Claire Hsu, founder of the Hong Kong-based Asia Art Archive, is one of many who have benefited from the course. “The programme appealed to me because I can’t think of anything more important—teachings that enable you to live your life more fully, to be free of the noise of the ego and the pain patterns we perpetuate,” she says. “[Sadhguru] dispels the idea that the spiritual journey is for a select few, that one needs to live in a cave or belong to an organised belief or religious system. Like anything in life, the teachings one puts into place will shape the way you see
the world.”

This pragmatic and accessible approach to spirituality has gained Sadhguru millions of followers around the world; while they include celebrities such as Matthew McConaughey and Will Smith, his perspective has made him a far more relatable spiritual figure than the gilded gurus before him—think Osho with his customised yellow-gold Rolex and fleet of 93 Rolls-Royces, or Bikram Choudhury’s extravagant collection of 40-odd luxury vehicles.
And he wants as many people as possible to benefit from his teachings. “We offer the Inner Engineering at 75 per cent off to all Indigenous persons,” Sadhguru says. “We also conduct yoga programmes in prisons all over Tamil Nadu for both prisoners and police alike.”

It seems the man simply, genuinely, wants to make the world a happier place.

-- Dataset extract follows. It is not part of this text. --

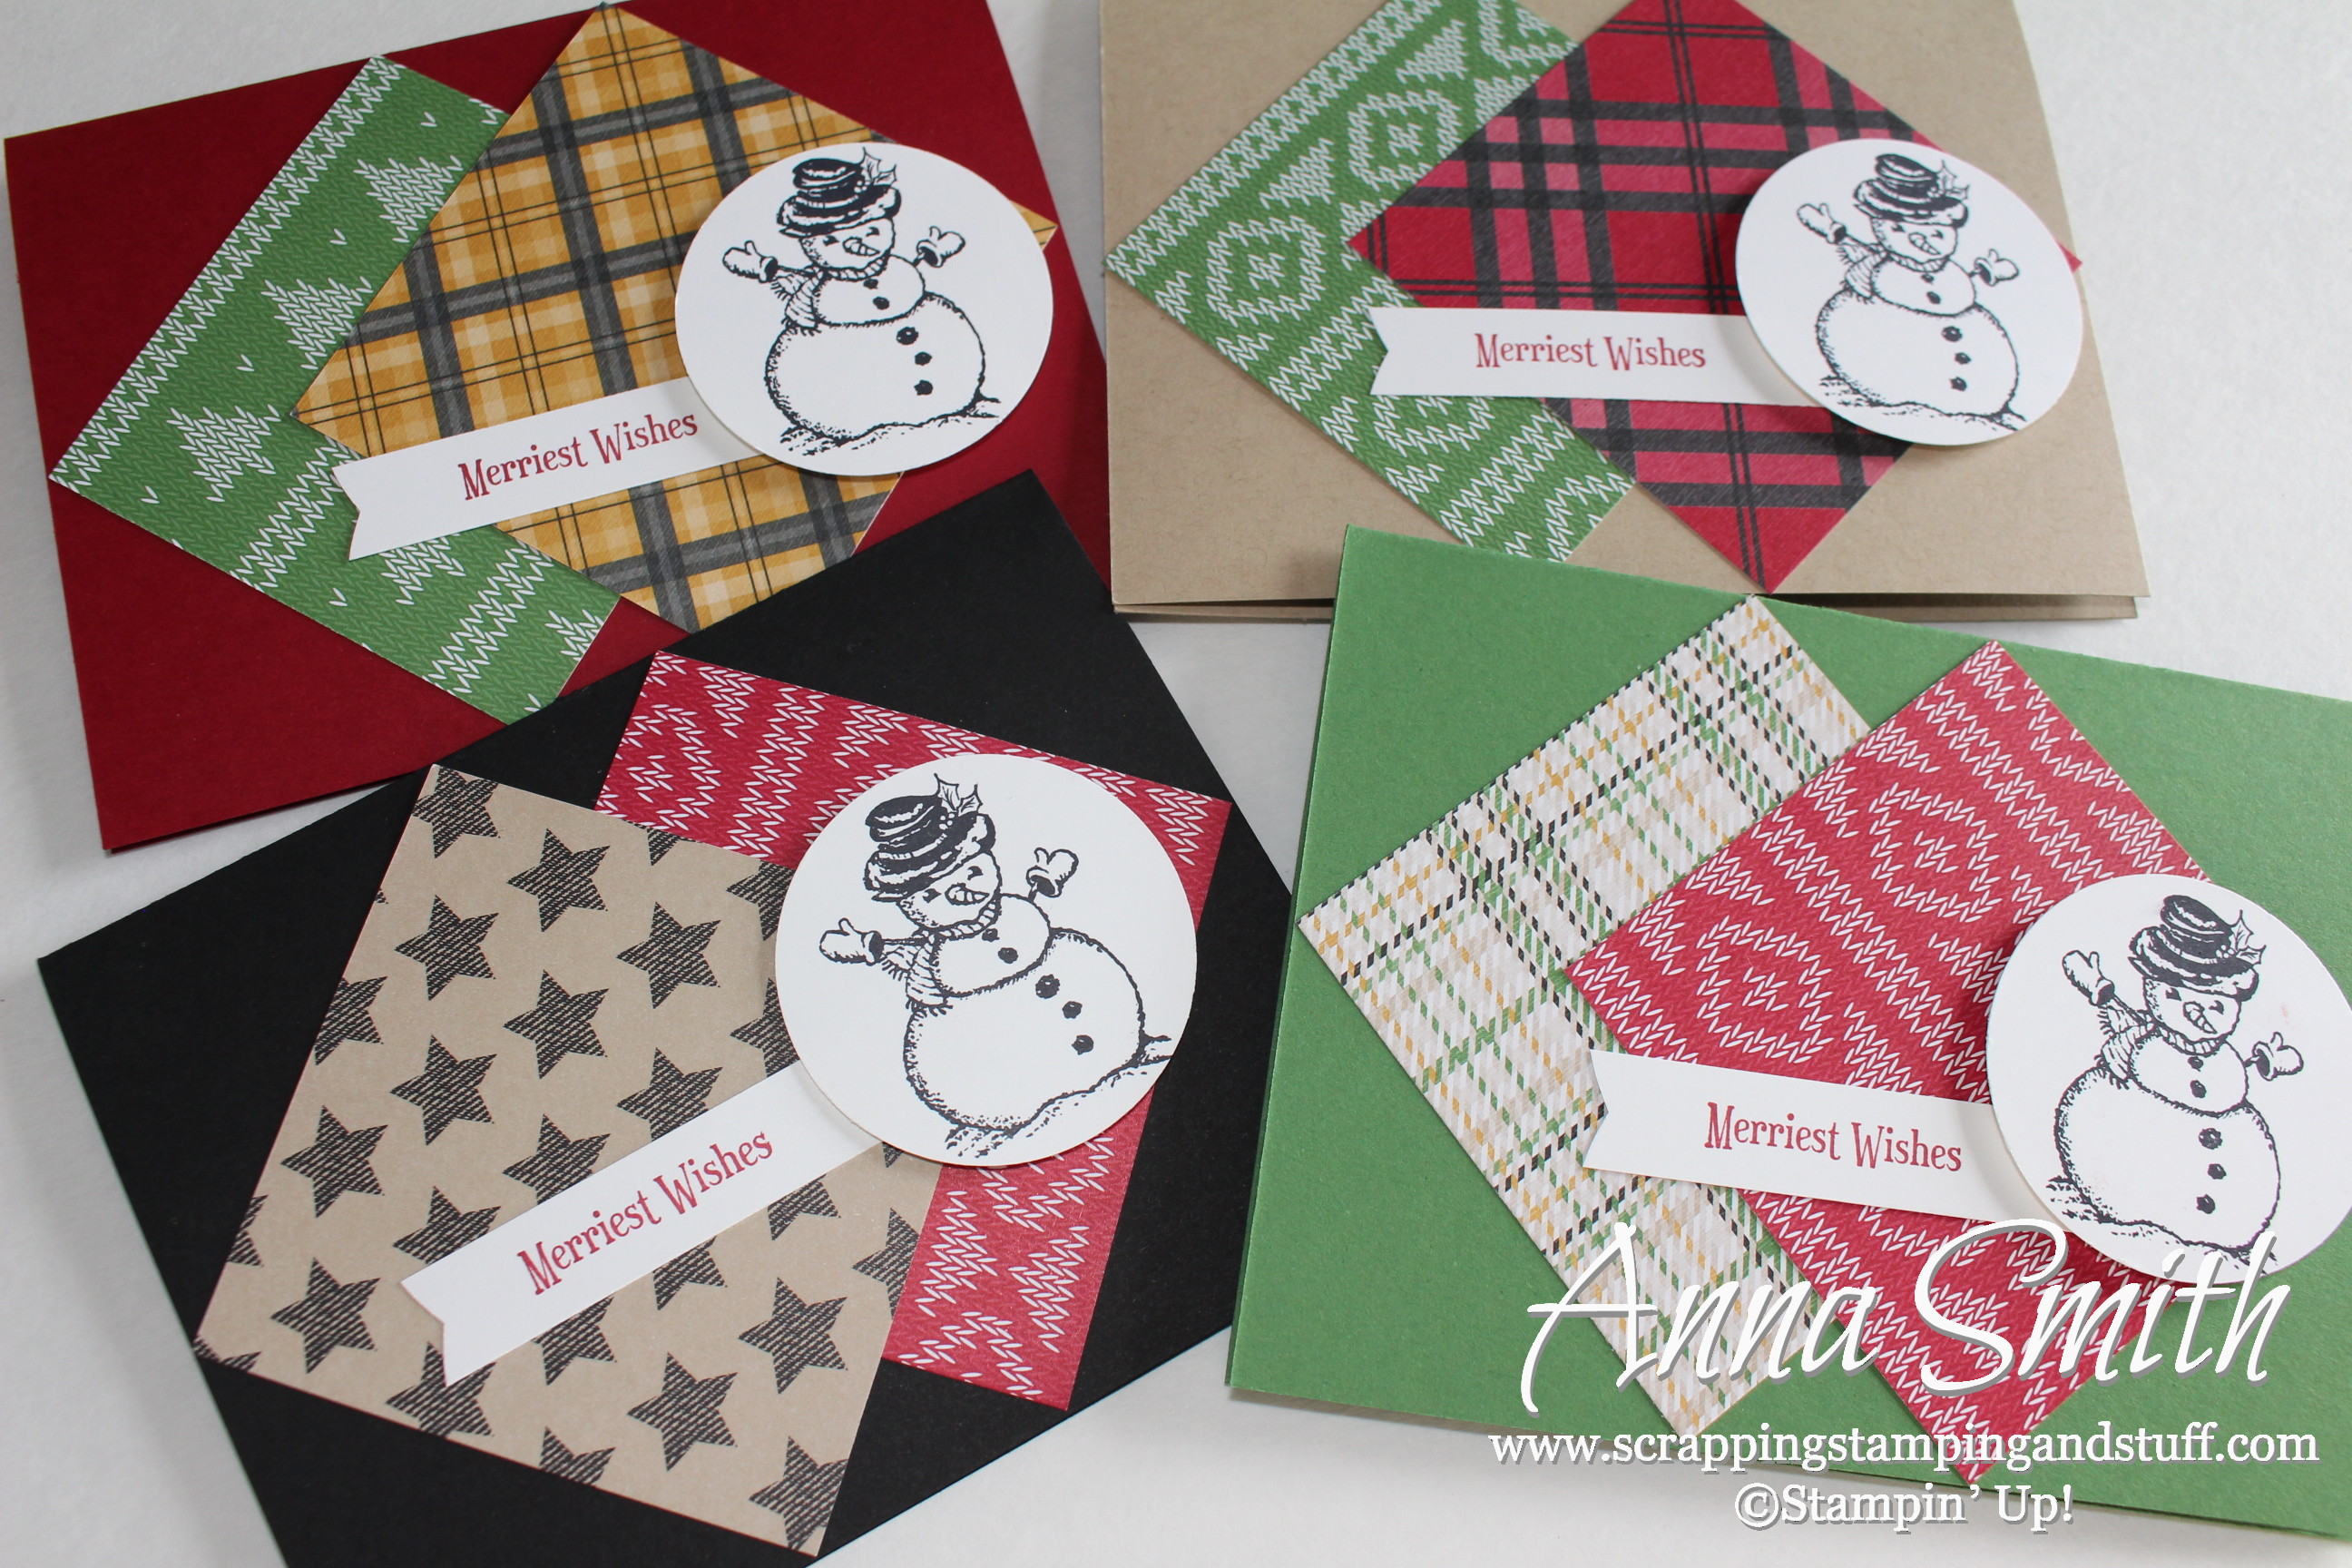 Warmth & Cheer Christmas Cards

“We have always tried to produce good people, but we need joyful and sensible people on the planet,” says Sadhguru. Forty years ago, on September 23, now known to Sadhguru and his Isha Foundation circle as Enlightenment Day, the 25-year old Jagadish had a spiritual revelation atop the Chamundi Hills in Mysore, India. “I said to myself: I will make the entire world blissful and ecstatic.”

But Sadhguru has enough self-awareness to realise that healing the world is a tall order. “I have set myself up for failure,” he says, laughing. You can’t blame a man for trying.